Les termes sont policés, mais le constat de la Cour sévère sur la volonté du ministère de l’Intérieur de remédier à la situation. Un décret a bien été pris pour limiter les types de cycle de travail possibles. Mais leur rationalisation « apparaît délicate à mener sans une forte détermination au niveau central ». Alors que les pratiques actuelles ne sont même pas recensées. Et puis, dit encore la Cour des comptes, il faudrait aussi « cesser d’accorder de nouveaux dispositifs de compensation venant alimenter le nombre d’heures de repos ».

Une bombe à retardement

Il y a pourtant urgence à agir. Cette absence de maîtrise par le ministère de l’Intérieur des rythmes de travail de ses agents alimente un cercle vicieux sur lequel la Cour des comptes alerte. L’inadaptation de l’organisation du travail qui allie heures supplémentaires épargnées et droits au repos supplémentaires qui leur sont liés, génère en effet « un important stock de droits à repos particulièrement coûteux ».

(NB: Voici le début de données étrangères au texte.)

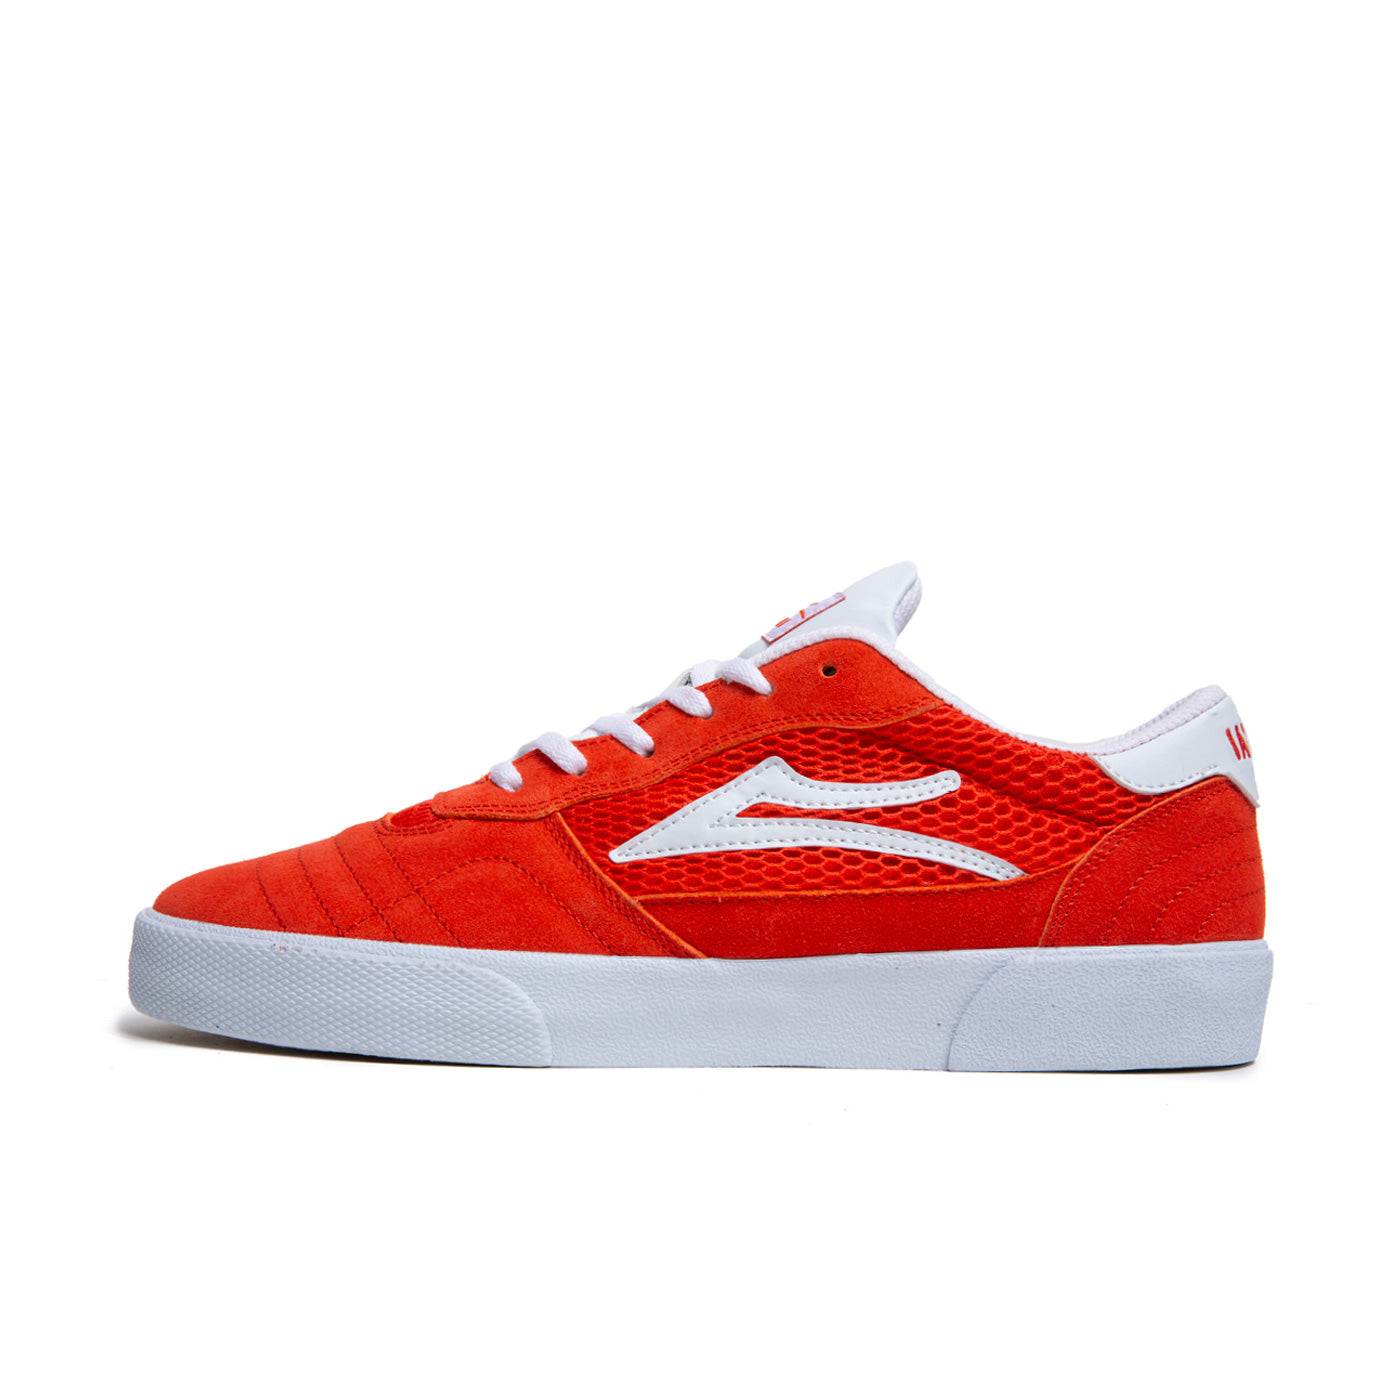 Low top Lakai Cambridge skate shoes, in orange colourway with white Lakai logo on the side.

Les magistrats financiers n’emploient pas le terme, mais c’est bel et bien d’une bombe à retardement qu’il s’agit. En 2019, le cumul des heures supplémentaires atteignait 24 millions. Suite à l’indemnisation de 3,5 millions d’heures versée à plus de 30.000 agents pour un montant de 44 millions d’euros, ce sont plus de 20 millions d’heures de repos qui ont été reportées, l’équivalent de 13.000 postes à temps plein sur un an, « soit environ 10 % des effectifs de la police nationale ».

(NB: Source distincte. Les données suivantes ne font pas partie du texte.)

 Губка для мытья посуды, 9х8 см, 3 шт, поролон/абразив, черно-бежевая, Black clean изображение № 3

Augmenter certaines « heures sup »

Pour régler le problème, la Cour des comptes préconise un traitement atypique. Il est en effet peu banal qu’elle propose… une hausse de la rémunération. En l’occurrence, il s’agit d’inciter les agents à se faire payer leurs « heures sup » plutôt que d’accumuler des droits au repos. Le taux horaire actuel de quelque 12,50 euros étant jugé peu incitatif, il est proposé de le relever « en prévoyant d’éventuelles majorations des heures effectuées la nuit ou les jours fériés » et dans le même temps de réduire les compensations horaires des heures supplémentaires.